= Beginning of Section =
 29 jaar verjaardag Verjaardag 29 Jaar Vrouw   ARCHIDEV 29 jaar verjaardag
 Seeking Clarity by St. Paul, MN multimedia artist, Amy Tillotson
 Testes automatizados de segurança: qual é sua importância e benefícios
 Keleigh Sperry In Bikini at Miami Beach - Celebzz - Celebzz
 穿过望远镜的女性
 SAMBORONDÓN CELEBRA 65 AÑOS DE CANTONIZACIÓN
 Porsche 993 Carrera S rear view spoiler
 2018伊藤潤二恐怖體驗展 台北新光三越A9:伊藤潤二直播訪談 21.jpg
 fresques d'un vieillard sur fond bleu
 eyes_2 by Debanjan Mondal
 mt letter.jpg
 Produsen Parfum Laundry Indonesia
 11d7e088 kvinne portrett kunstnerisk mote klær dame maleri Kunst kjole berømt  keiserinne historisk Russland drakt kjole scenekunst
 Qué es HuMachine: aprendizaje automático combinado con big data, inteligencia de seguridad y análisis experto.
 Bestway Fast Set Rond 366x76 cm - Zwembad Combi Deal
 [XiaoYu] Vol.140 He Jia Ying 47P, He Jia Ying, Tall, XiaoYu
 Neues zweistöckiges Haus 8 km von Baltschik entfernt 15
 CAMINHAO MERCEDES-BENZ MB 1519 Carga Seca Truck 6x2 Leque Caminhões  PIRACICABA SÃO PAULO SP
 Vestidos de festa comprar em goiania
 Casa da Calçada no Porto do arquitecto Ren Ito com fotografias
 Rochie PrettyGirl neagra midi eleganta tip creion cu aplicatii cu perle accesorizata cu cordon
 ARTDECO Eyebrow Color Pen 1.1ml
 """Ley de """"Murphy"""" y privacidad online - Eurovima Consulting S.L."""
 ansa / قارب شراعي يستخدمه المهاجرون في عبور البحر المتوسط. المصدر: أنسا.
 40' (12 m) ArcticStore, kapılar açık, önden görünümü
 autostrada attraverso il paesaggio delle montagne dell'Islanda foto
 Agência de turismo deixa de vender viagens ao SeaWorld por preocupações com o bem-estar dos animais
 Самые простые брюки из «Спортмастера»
= End of Section =
How to complete this task: Give the material above back in full, exactly as written.

Exercise answer:
 29 jaar verjaardag Verjaardag 29 Jaar Vrouw   ARCHIDEV 29 jaar verjaardag
 Seeking Clarity by St. Paul, MN multimedia artist, Amy Tillotson
 Testes automatizados de segurança: qual é sua importância e benefícios
 Keleigh Sperry In Bikini at Miami Beach - Celebzz - Celebzz
 穿过望远镜的女性
 SAMBORONDÓN CELEBRA 65 AÑOS DE CANTONIZACIÓN
 Porsche 993 Carrera S rear view spoiler
 2018伊藤潤二恐怖體驗展 台北新光三越A9:伊藤潤二直播訪談 21.jpg
 fresques d'un vieillard sur fond bleu
 eyes_2 by Debanjan Mondal
 mt letter.jpg
 Produsen Parfum Laundry Indonesia
 11d7e088 kvinne portrett kunstnerisk mote klær dame maleri Kunst kjole berømt  keiserinne historisk Russland drakt kjole scenekunst
 Qué es HuMachine: aprendizaje automático combinado con big data, inteligencia de seguridad y análisis experto.
 Bestway Fast Set Rond 366x76 cm - Zwembad Combi Deal
 [XiaoYu] Vol.140 He Jia Ying 47P, He Jia Ying, Tall, XiaoYu
 Neues zweistöckiges Haus 8 km von Baltschik entfernt 15
 CAMINHAO MERCEDES-BENZ MB 1519 Carga Seca Truck 6x2 Leque Caminhões  PIRACICABA SÃO PAULO SP
 Vestidos de festa comprar em goiania
 Casa da Calçada no Porto do arquitecto Ren Ito com fotografias
 Rochie PrettyGirl neagra midi eleganta tip creion cu aplicatii cu perle accesorizata cu cordon
 ARTDECO Eyebrow Color Pen 1.1ml
 """Ley de """"Murphy"""" y privacidad online - Eurovima Consulting S.L."""
 ansa / قارب شراعي يستخدمه المهاجرون في عبور البحر المتوسط. المصدر: أنسا.
 40' (12 m) ArcticStore, kapılar açık, önden görünümü
 autostrada attraverso il paesaggio delle montagne dell'Islanda foto
 Agência de turismo deixa de vender viagens ao SeaWorld por preocupações com o bem-estar dos animais
 Самые простые брюки из «Спортмастера»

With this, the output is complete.